Comment #16 originally posted by brazilofmux on 2007-01-09T04:24:24.000Z:

I've yet to see it in action, but the rewrite is brilliant to read. It solves several problems (such as using one structure for everything and having to mask some values during copies when modifying the implied linked lists) in an elegant manner and is also much easier to understand. Though the choice to still run the first list through list2arr() is a bit vexing to me.

brazilofmux commented 9 years ago

Comment #17 originally posted by brazilofmux on 2007-01-09T04:33:33.000Z:

After benchmarking it on the same machine as the figures quoted above are from, it turns out it's slightly faster than my implementation. This actually isn't too surprising since my implementation actually uses a hash table half the size. OTOH, Alierak's rewrite of my rewrite of his rewrite (heh) uses smaller structures for the actual hash (nice job on that, BTW... even got around compilers optimizing structs to be word-bounded, but...) but uses an extra list2arr which takes up another 16KB (I think?) instead of using pointers directly in the hash structure.

brazilofmux commented 9 years ago

Comment #18 originally posted by brazilofmux on 2007-01-09T04:44:57.000Z:

Is it ready to be promoted, yet?

brazilofmux commented 9 years ago

Comment #19 originally posted by brazilofmux on 2007-01-09T21:12:56.000Z:

I think it is ready, as of revision 708.

Ian's right, it is faster not to call list2arr at all, so long as that doesn't require enlarging the hash record struct. I found I could do this by storing short offsets relative to fargs[1] and fargs[2], instead of storing pointers to the split words. I've got it down to zero invocations of list2arr, and even having to call countwords() to determine the hash table size doesn't appear to slow it down.

Runtime should be about the same as revision 688 for large input, and about 60% less for small input. Wow.

brazilofmux commented 9 years ago

Comment #20 originally posted by brazilofmux on 2007-01-09T22:06:18.000Z:

Though you could avoid countwords() by indexing list2 and noting that if list1 has more or less words the munge() will fail, so assuming the munge() is to succeed (which is the only case worth optimizing for) indexing list2, noting how many words are in it, and allocating space for a hash table for that list size is reasonable.

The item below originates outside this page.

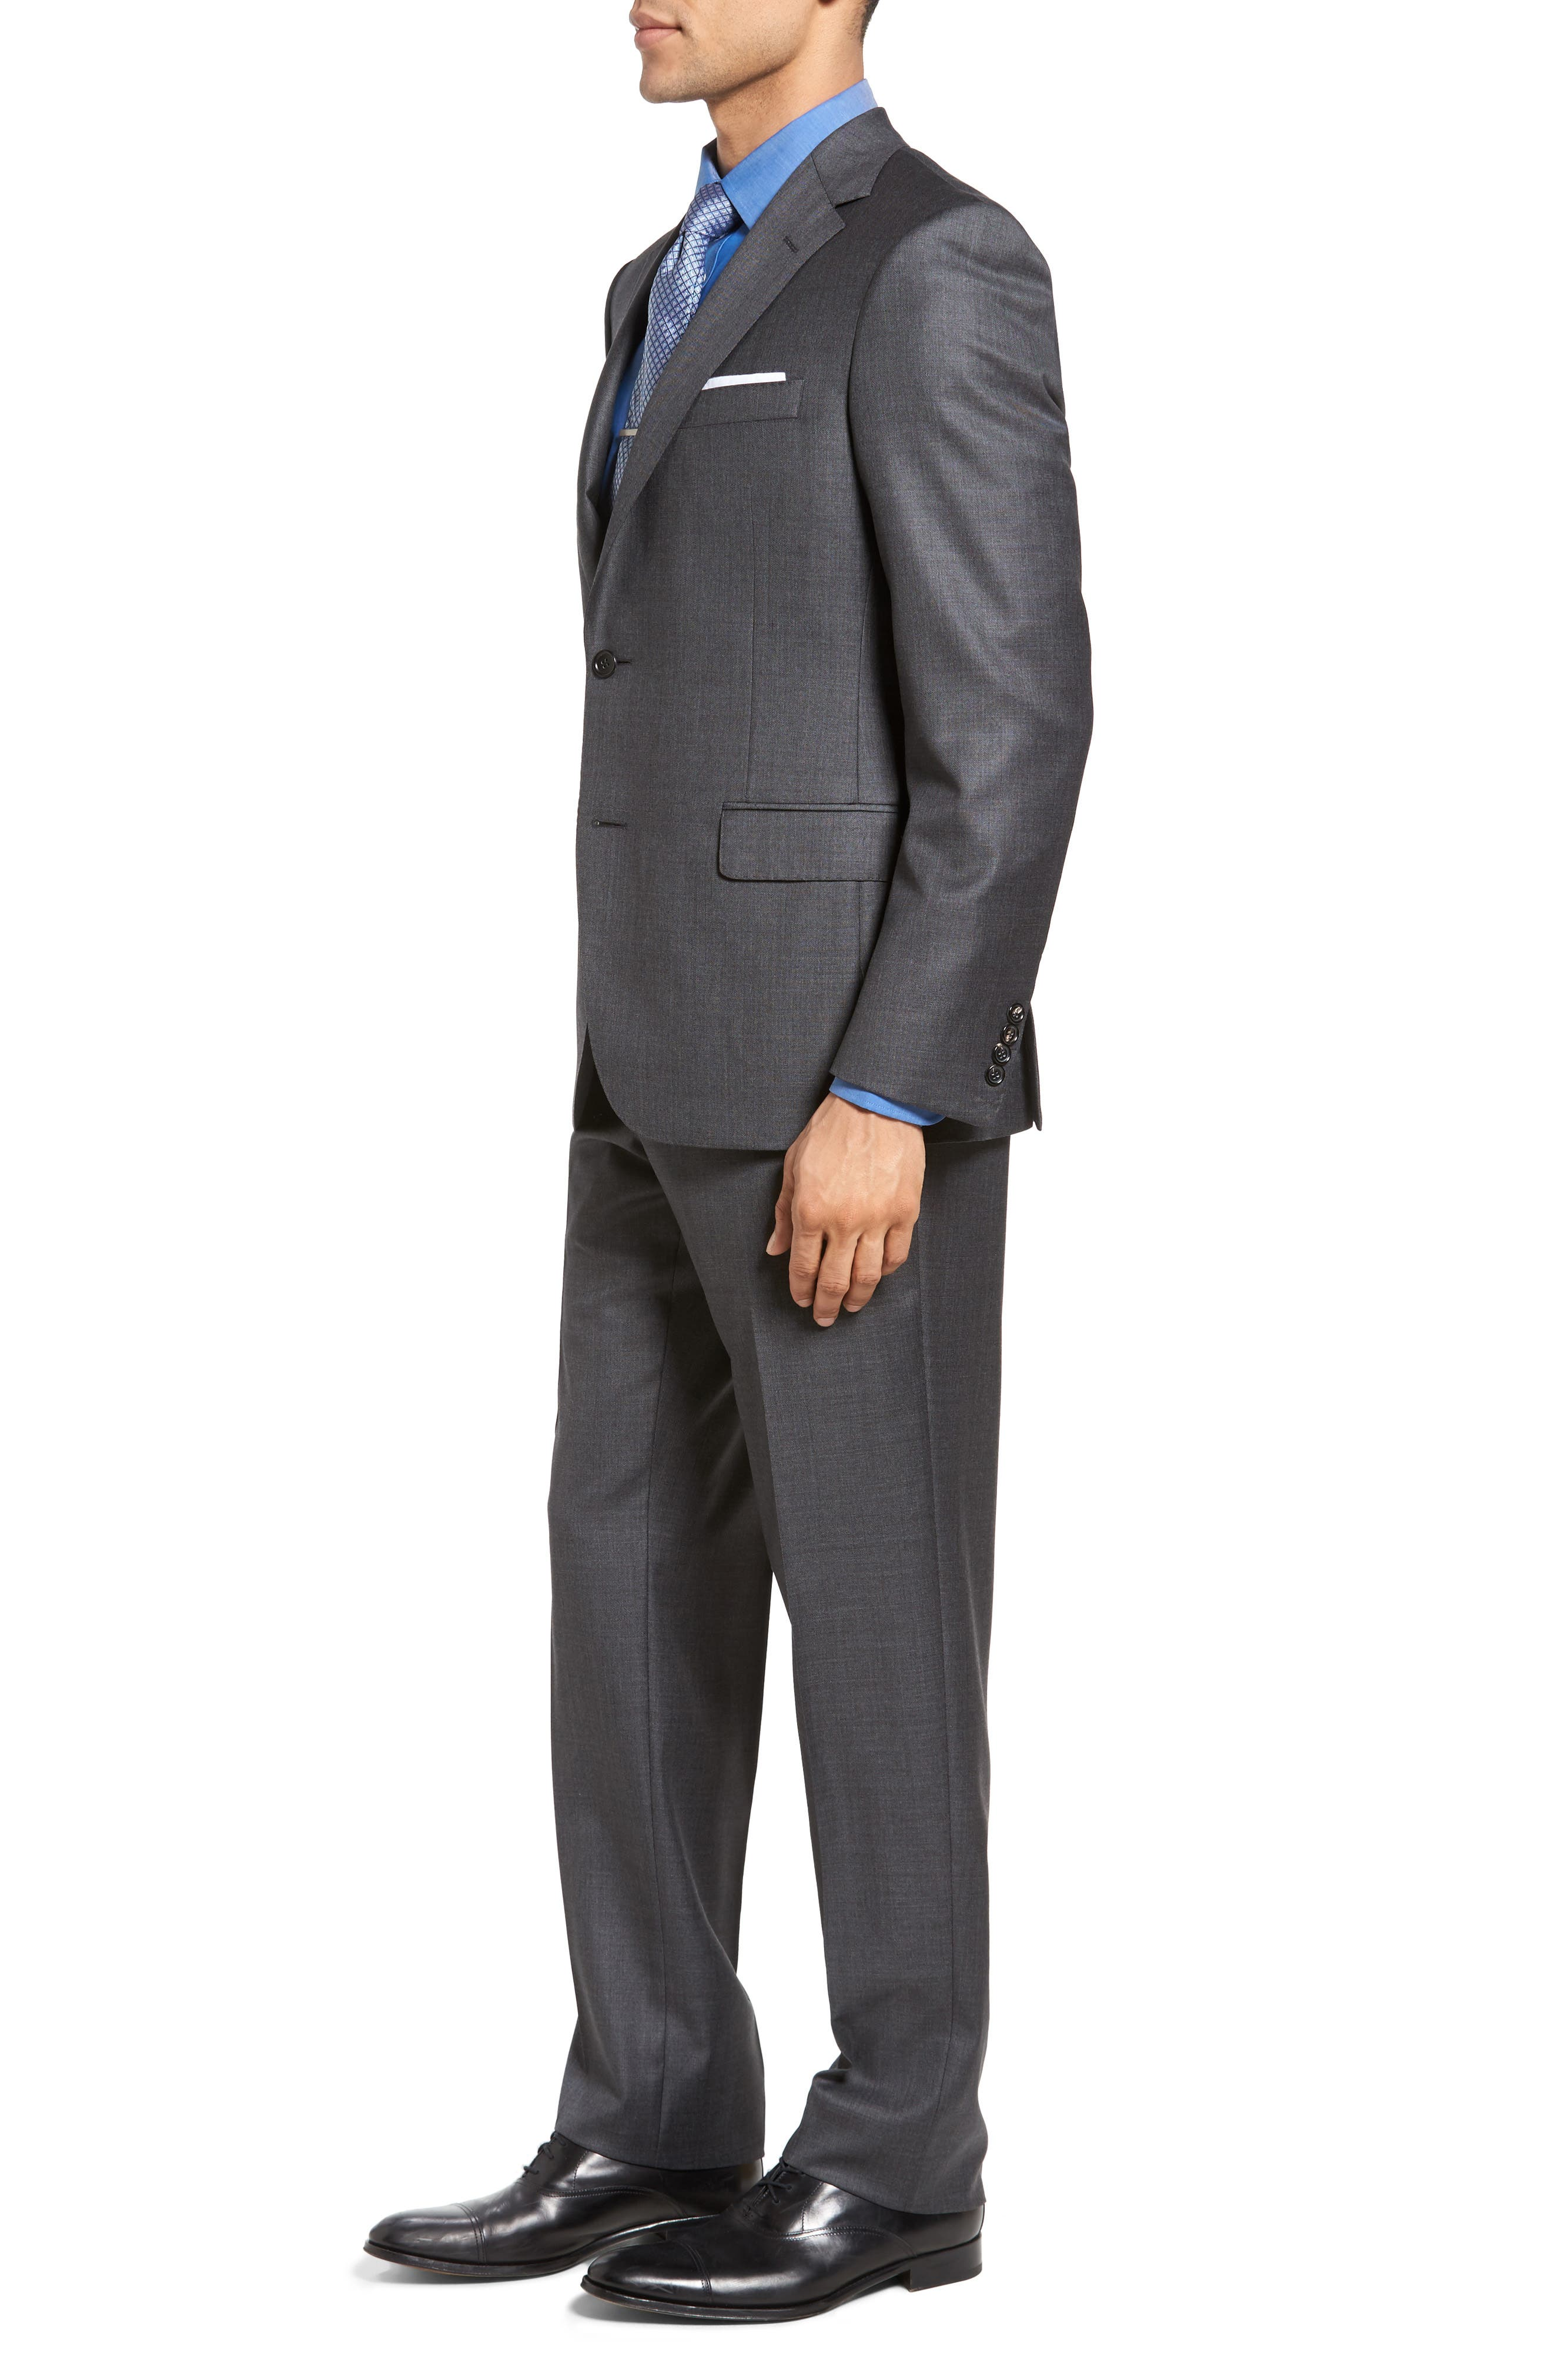 SAMUELSOHN,                             Beckett Classic Fit Sharkskin Wool Suit,                             Alternate thumbnail 3, color,                             020

OTOH, at this point, it's probably more than good enough. :)

brazilofmux commented 9 years ago

Comment #21 originally posted by brazilofmux on 2007-01-09T23:33:58.000Z:

Yeah, indexing list2 (as opposed to calling list2arr) does seem a little bit faster. I'm not sure it's worth the added code, but see revision 710 if you want to try it.

brazilofmux commented 9 years ago

Comment #22 originally posted by brazilofmux on 2007-01-10T03:51:44.000Z:

Feel free to tweak further, but this one is well fixed.